Describe the enhancement requested

Part 4 in the Avro series, following on from #731. This will allow reading and writing whole files in the Avro container format as a series of batches. Each batch will correspond to one Avro file block and fill a single VSR. The VSR can be recycled between batches. Input and output can be to Avro encoder / decoder (set up externally) or to Java's native byte channels (which are set up with default binary encoder / decoder). To cater for async scenarios, the reader API should know how many bytes are required for a block before attempting to read it.

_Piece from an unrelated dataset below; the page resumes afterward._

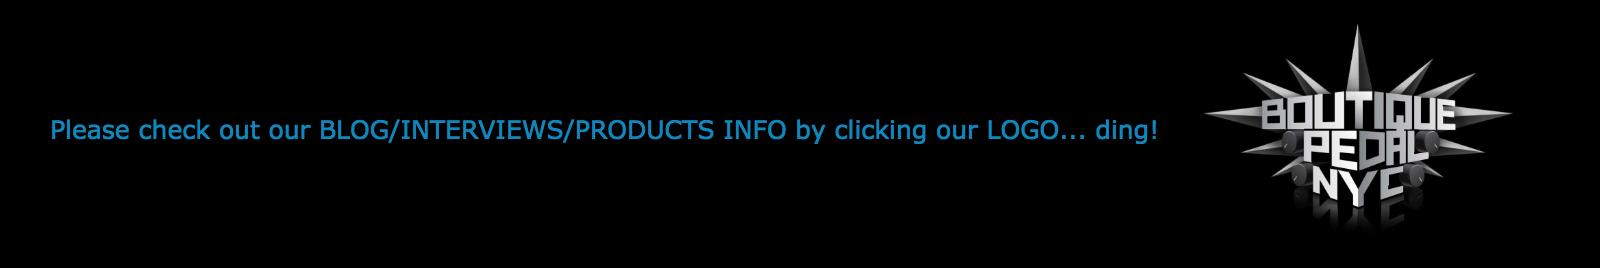 bpnyc-blog-1600x268-sblack-and-blue.jpg

I'd like to propose the following API - hopefully this is going in the right direction. I've taken some inspiration from ArrowFilleReader / Writer and Json Reader / Writer, but it's not identical (and they're not identical to each other). If there is a desire to line up on specific naming / conventions then certainly happy to do that, in which case I'll need a steer on exactly how it should be. Otherwise if anyone has radically different ideas of what it should look like, please do share!

class AvroFileWriter {

    // Writer owns a channel / encoder and will close them
    // VSR and optional dictionaries are not owned and will not be closed
    // VSR can be recycled or supplied as a stream

    // Avro encoder configured externally
    public AvroFileWriter(
        Encoder encoder,
        VectorSchemaRoot firstBatch, 
        DictionaryProvider dictionaries)

    // Sets up a defaulr binary encoder for the channel
    public AvroFileWriter(
        WritableByteChannel channel,
        VectorSchemaRoot firstBatch, 
        DictionaryProvider dictionaries)

    // Write the Avro header (throws if already written)
    void writeHeader()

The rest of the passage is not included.